Jones articulates the longing inside of everything. In bible stories (from Isaac After Mount Moriah: “Dirty-haired boy, my rascal, my sacrifice. Never / an easy dream. I watch him wrestle my shadow.”) In kudzu (“soil recoils from my hooked kisses/…/All I’ve ever wanted / was to kiss crevices, pry them open”). In hate crime (an astonishing poem called “Jasper 1998” and a found poem made of texts about the laws forbidding people of color to travel at night come to mind most readily), and the sex that exists alongside the promise of that violence.
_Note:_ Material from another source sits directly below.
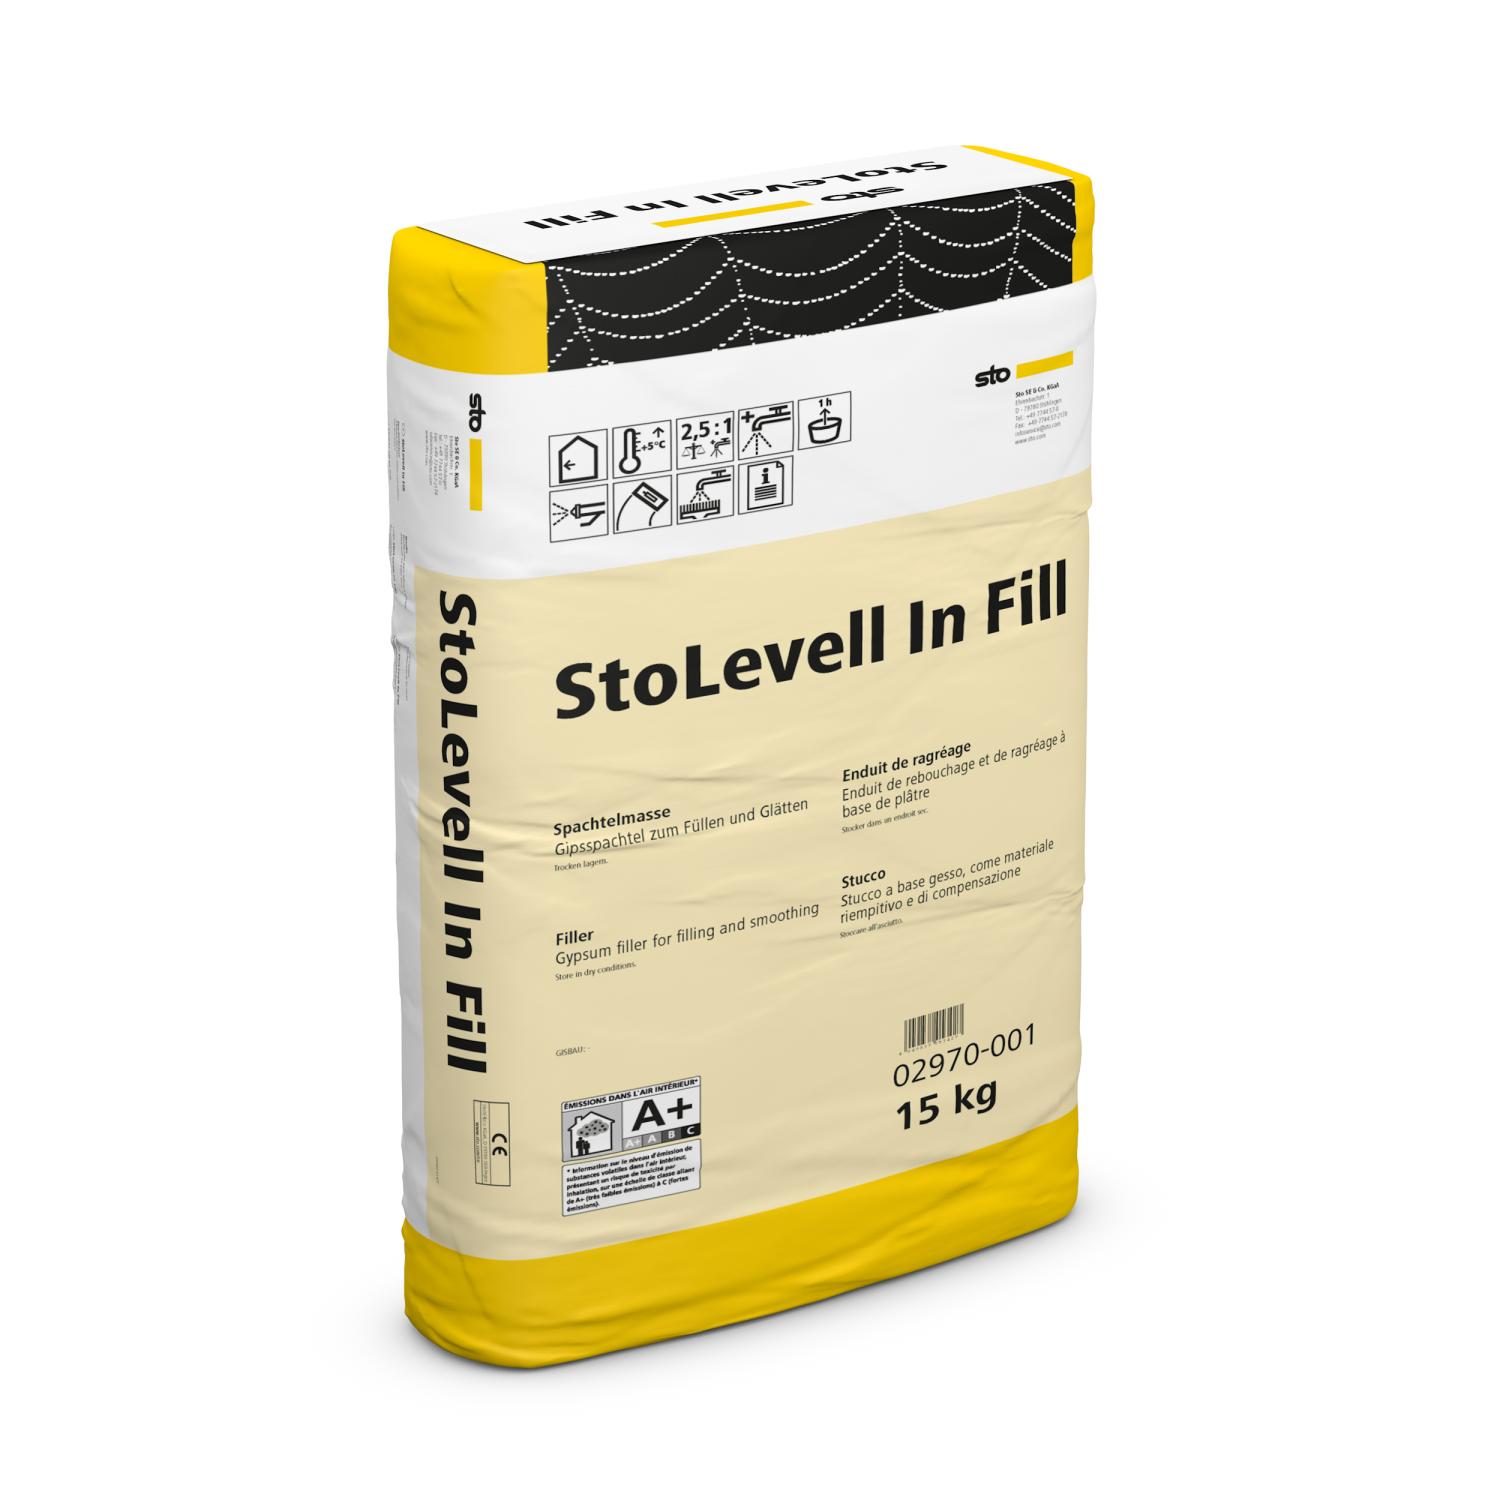 StoLevell In Fill - 5 kg Sack

If I do have a more complicated response to this book, it is to the challenge it raises for me as a writer. What is the relationship between art and desire, how desire moves through the world? Is it “responsible” to tell these concurrent, juxtaposed stories: cultural subjugation, homophobic and racist violence, and the warp and rupture of the family, to tell those stories alongside the sexual subjugation which (at least to me, it seems,) is so desired? And if it is not responsible, if it aggrandizes a re-traumatizing, a self-degradation, then what does the writer do when truth and responsibility are at odds? Jones seems to say, you tell the truth. It is a powerful and gorgeous message, but not a comfortable one.
What these poems show us is the necessity of owning that longing, the refusal to let the wounds the world has laid upon us turn inward, into our shame, our silence. To show the world the face that the world has made:
I survived on mouthfuls of hyacinth.
My hunger did not apologize.
Stamens licked clean, pollinated
throat; Beauty was what I choked on.
When the men with cruel tongues
worked me, each grunt gnashed
between my teeth…
Or from “Beheaded Kingdom”:
With his one good knife, a door is cut to where the spine waits: patient,
then flaring. All my lights turned on. A scream is loosed,
grey silk sound pulled out by hooks, black before the filaments.
Quiet, he begs, rakish doctor. Then a hand goes in.
Here is the crux of the book, for me, the thing which makes me sigh and turn back through it over again and read it aloud to my boobookitty who doesn’t even like poems all that much. The silencing quality of fear, the thing that takes us out of ourselves politically and undermines the possibility of a clear American discussion of race or sex, is exposed here as a continuous field which is both inside and outside the self. Or in English, the political is personal. The subjugation to your inner gods, the pain inside the erotic, the way that fear and desire mirror each other, because you cannot want something that is entirely unlike what has badly hurt you, this is what I see in Jones’ work. It is not a political commentary or a psychological study, when I could have tumbled into either. It is art, and as such it can’t be argued with.